Brush Efficiency Study

     My personal process, however, is much more akin to an author's. I first paint the vision I have. Often, it includes a lot of detail, complex light-play (wordplay but using light), and as much color as I can reasonably wield. Then, I search for a purer form of the vision. I subtract -- merging shapes, losing edges, reducing detail until on clarity remains. To be clear, the clarity I speak of is not in what the eyes perceive, but what the mind envisions. My brothers are intimately aware of how I feel about phrases in speech or writing that are too on the nose, and this extends to my art as well. It's a struggle. I enjoy the work in complexity. It's technical. I could depict the human figure with such specificity, but when the detail strips the gesture, the form strips the expression. Rodin (the sculptor of The Thinker, which inspires my site's logo), upon submitting the Age of Bronze (one of the first sculptures to bring him fame) was attacked for its realism. In You Must Change Your Life (a story of Rilke and Rodin), Rachel Corbet writes,

Critics complained that The Age of Bronze was too realistic. It was a 'study rather than a statue, a too servile portait of a model without character or beauty; an astonishingly exact copy of a low type,' wrote Charles Tardeau in L'Art.
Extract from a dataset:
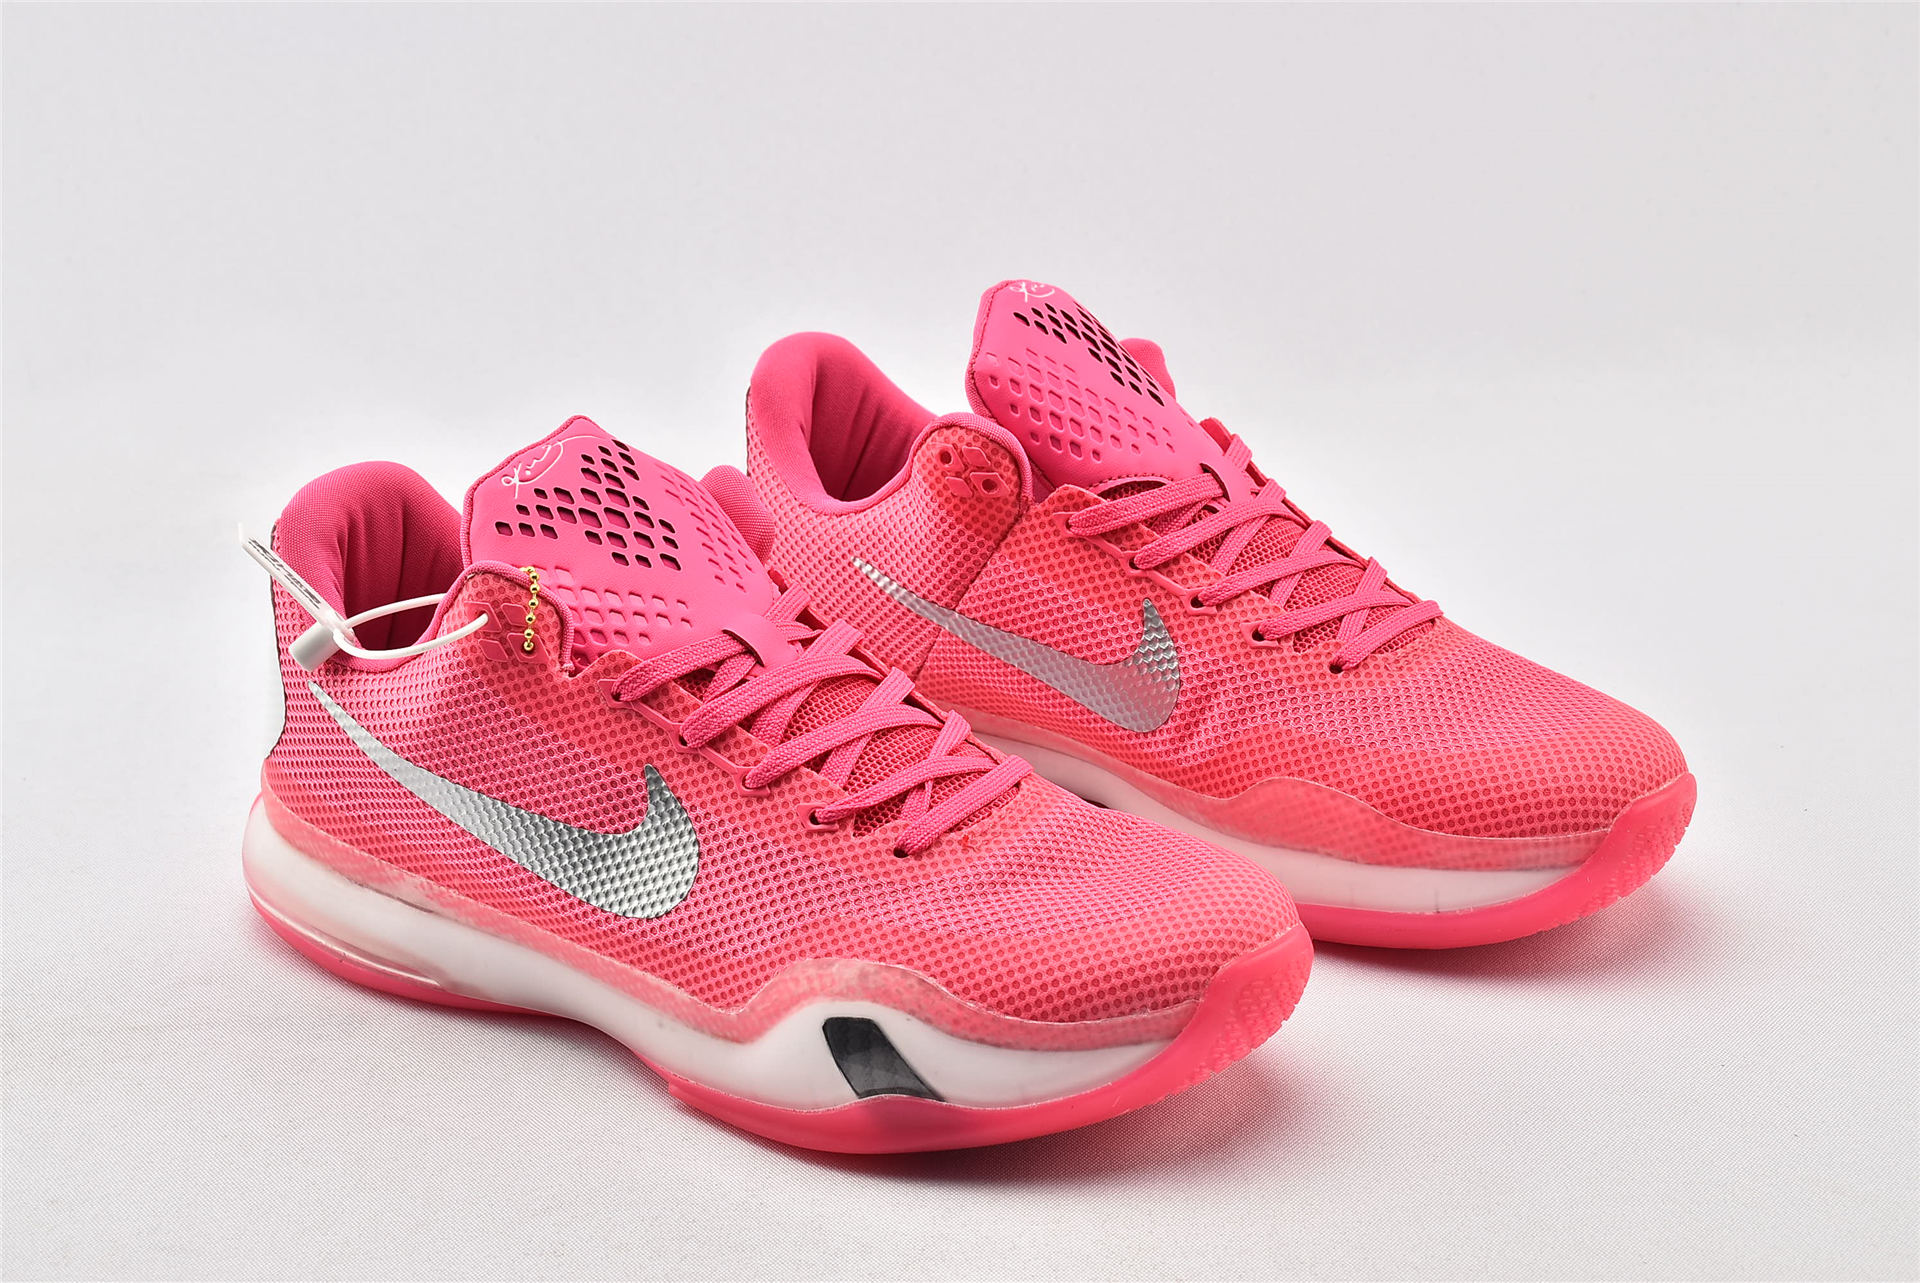 Nike Kobe 10 âThink Pinkâ For Sale â The Sole Line

     I am not the artist Rodin was, so I have no right to comment on the work's right to be art. However, I have definitely stood back after many hours painting, only realize that in obsessing over detail, I lost the essence. I suppose it is no wonder that in the art I save for inspiration, my love for less is clear.
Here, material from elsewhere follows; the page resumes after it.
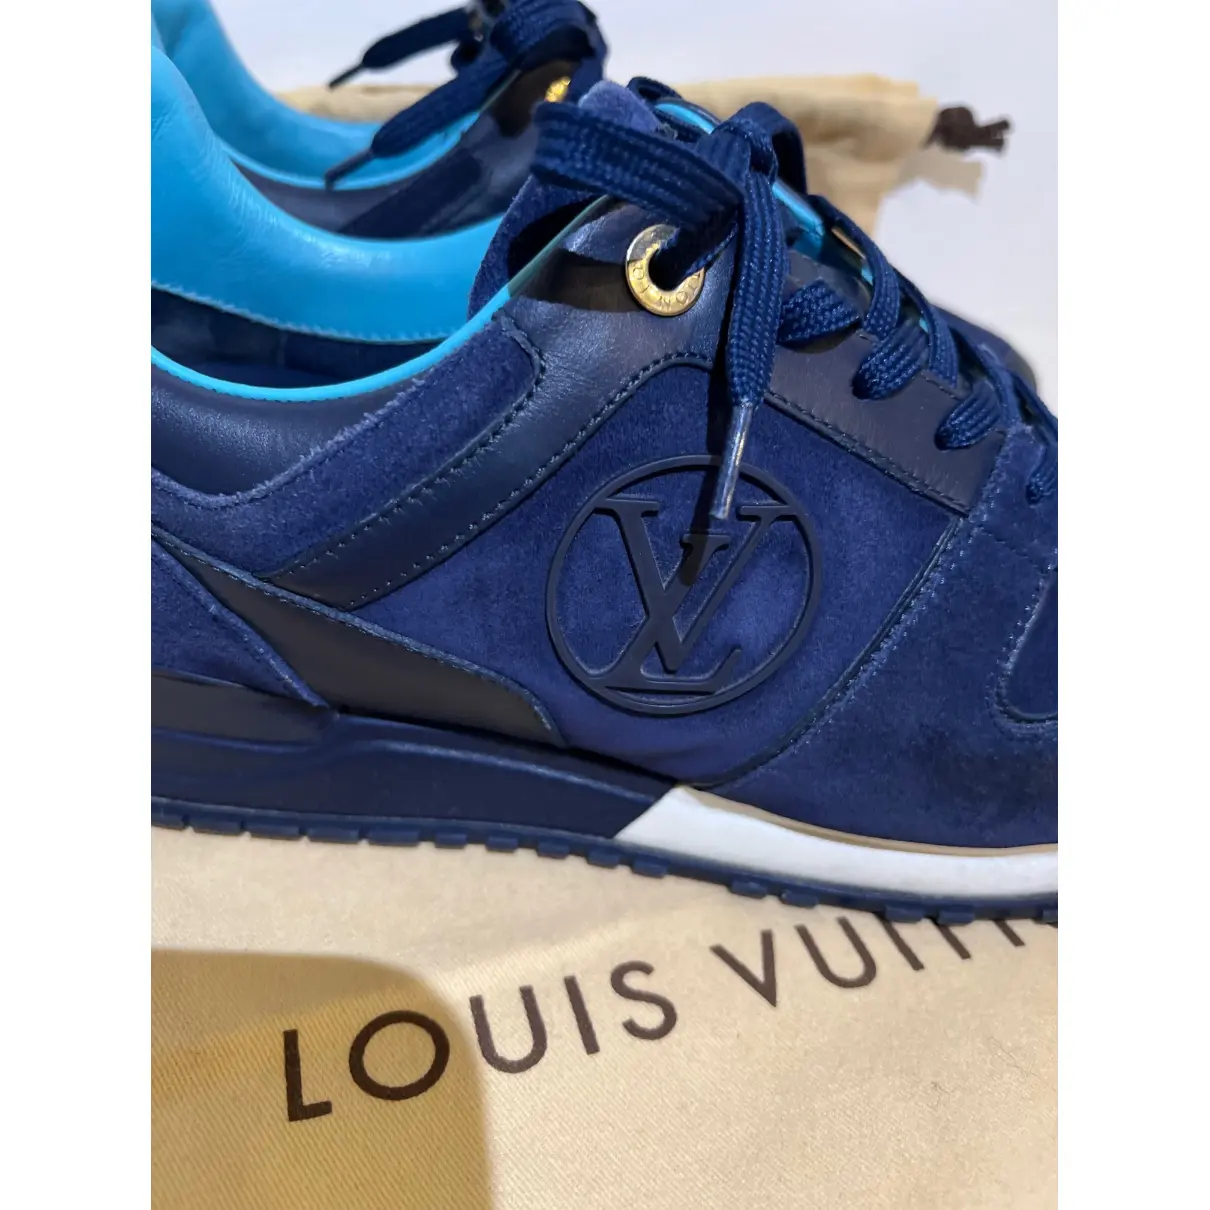 Run Away trainers Louis Vuitton

     Indulge me in one final example, in part because I have a pithy phrase befitting this article's subject. I am reading the third book in the Stormlight Archive (no spoilers here), and along the way the author introduces the character Wit. That’s not his actual name, but he’s the King’s Wit – with the freedom to take humorous jabs at folks in parties, deliver bad news to the king without repercussion, etc. I believe I am safe in saying that we, as a species, hold the characteristic of wit in high regard. It takes a certain mental awareness to respond quickly with a web of words that offend, but only slightly. Too many moments or too many words and the opportunity passes –- instead of being witty, it’s trying too hard.

     If humor were an umbrella, wit would be the rib of simplicity.